ПОРА ПРЕДВАРИТЕЛЬНЫХ ИТОГОВ И ДОЛГИХ ПРОЩАНИЙ

ПОРА ПРЕДВАРИТЕЛЬНЫХ ИТОГОВ И ДОЛГИХ ПРОЩАНИЙ

Лола ЗВОНАРЕВА

Мне и сегодня, после состоявшихся в ЦДЛ похорон трудно поверить, что я никогда больше я не услышу ее проникновенный и неповторимый голос. Никогда больше не буду подыматься с неизменной розой по каменным ступеням ее дома на улице Чаянова. Поэтесса Римма Казакова ушла от нас, живых, в историю отечественной словесности — в антологии и на страницы учебников, в хрестоматии и литературные мемуары.

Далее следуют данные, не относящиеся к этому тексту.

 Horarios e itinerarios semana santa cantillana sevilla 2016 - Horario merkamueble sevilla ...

Я познакомилась с нею в середине восьмидесятых годов прошлого века. Римма Федоровна переводила белорусскую писательницу Евгению Янищец и мне, тогда учившийся в аспирантуре в Академии наук в Минске, довелось передавать ей какие-то бумаги. Одной рукой укачивая новорожденного внука, другой — листая белорусские стихи минской писательницы, она все-таки нашла время побеседовать со мной, совершенно незнакомой девицей, доверительно и искренне. Перед уходом она вдруг задала мне вопрос, ответа на который я не знаю и сегодня: «А есть ли на свете настоящая любовь, которую мы постоянно воспеваем в стихах? Как вы, Лола, думаете?» Я знаю, этот вопрос волновал ее и за неделю до смерти, когда мы обсуждали программу будущей телепередачи «Сегодня и навсегда», посвященной отечественной поэзии.

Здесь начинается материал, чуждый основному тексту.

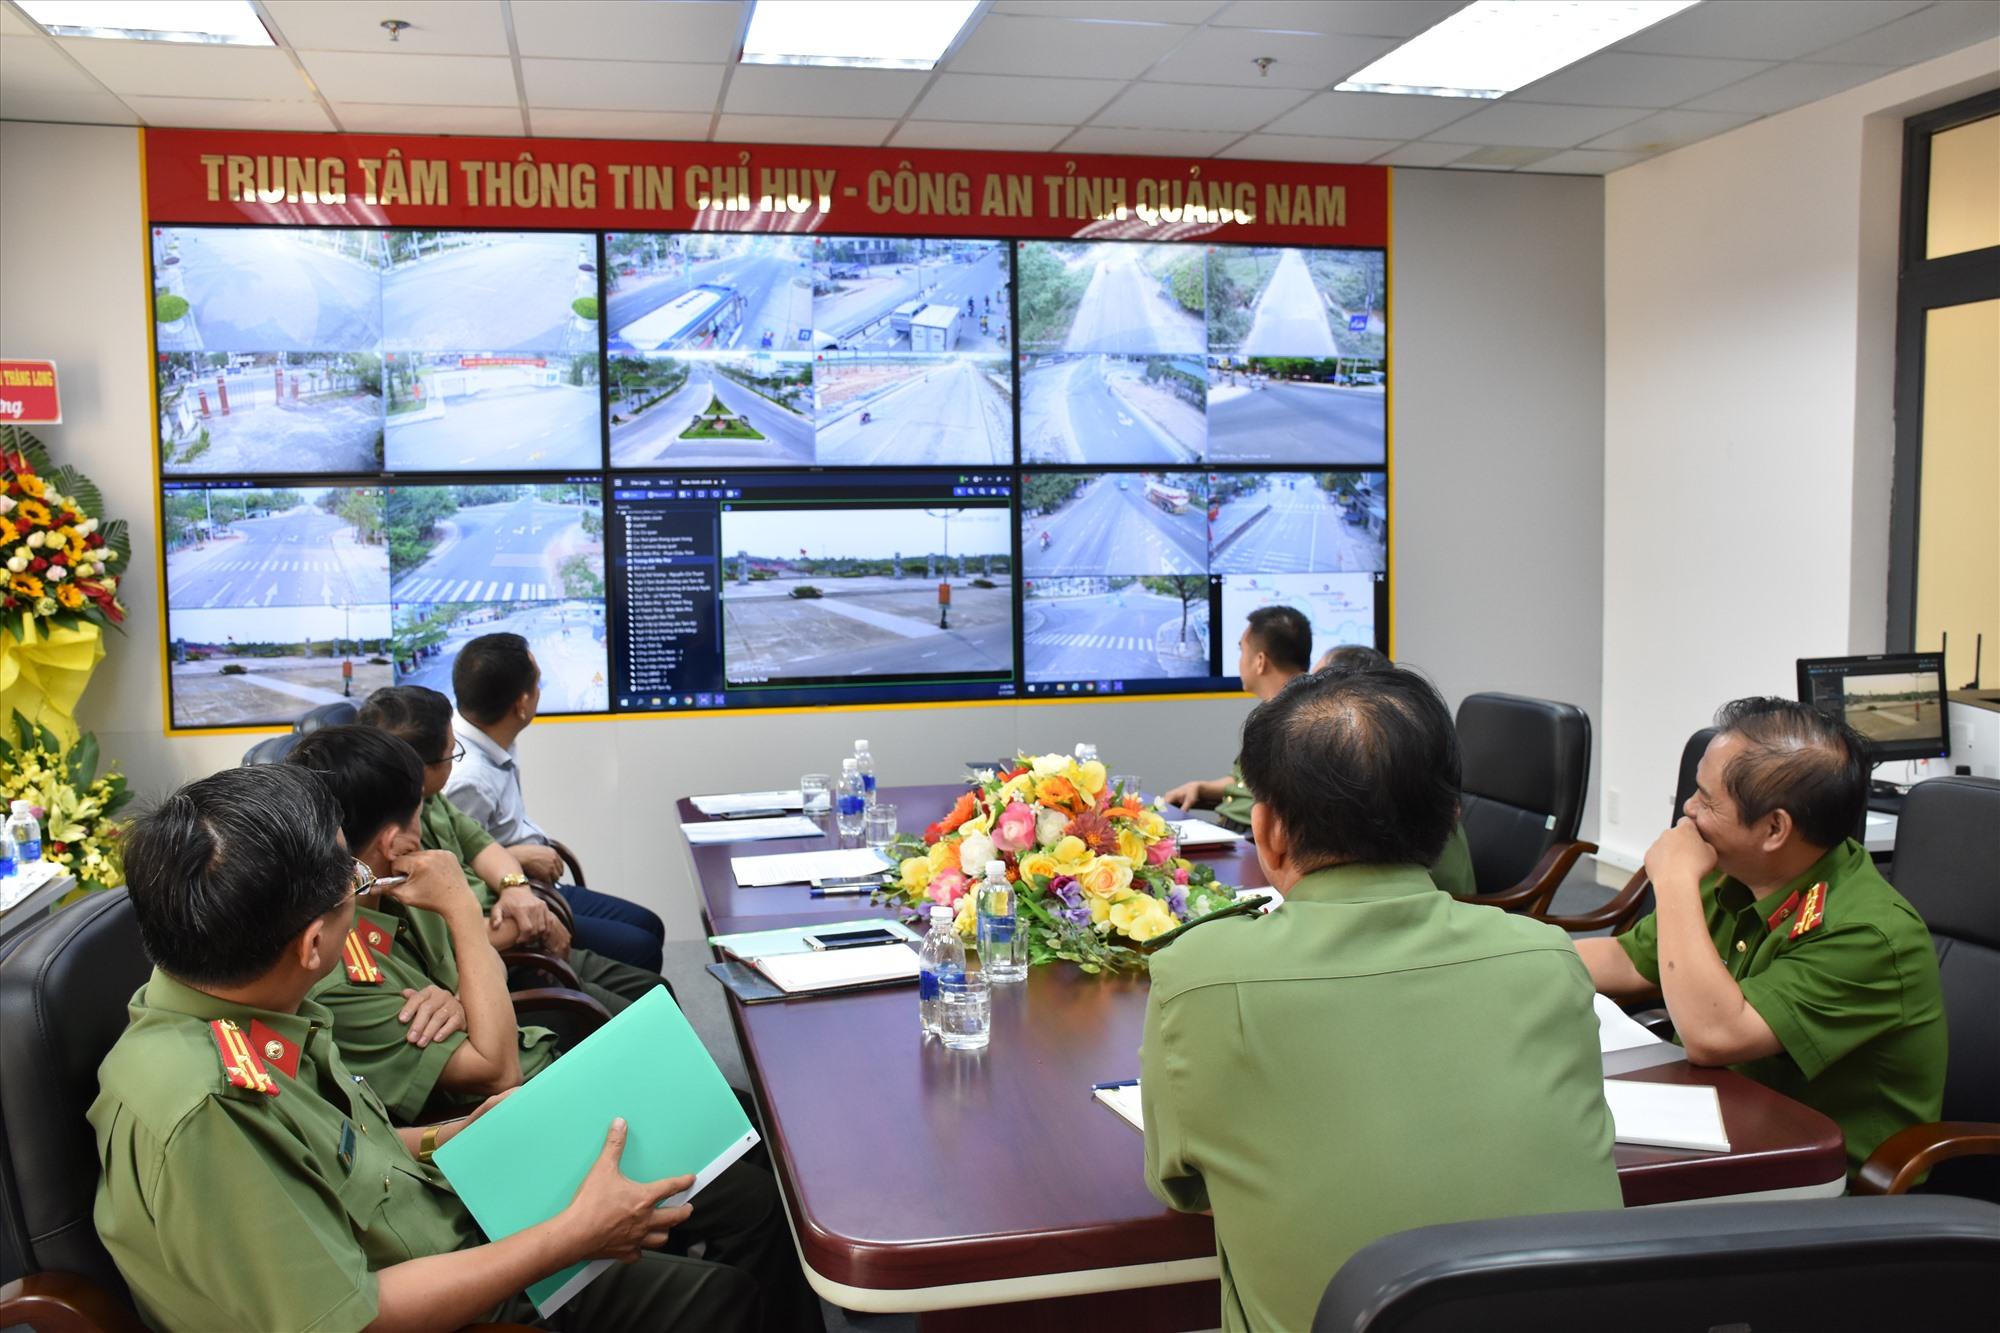 Trung tâm có 19 camera lắp đặt tại 14 điểm trên địa bàn thành phố Tam Kỳ và sẽ được mở rộng hơn trong thời gian tới. Ảnh: MINH TUẤN

Вторая наша встреча состоялась на заседании Совета по узбекской литературе при Союзе писателей СССР, который Римма Федоровна, заслуженный работник Каракалпалкии и Узбекистана, долгое время возглавляла. Известную писательницу удивил и заинтересовал сделанный мною доклад о молодой узбекской прозе — ее тогдашних лидерах Мураде Мухаммад Досте, Эркине Агзамове. В нем не было привычных штампов, воспевания дружбы народов, я попыталась показать, насколько оригинальны и интересны художественные поиски и находки этих талантливых писателей в сравнении с их русскими сверстниками. Сразу после моего выступления она сказала мне много добрых и уважительных слов.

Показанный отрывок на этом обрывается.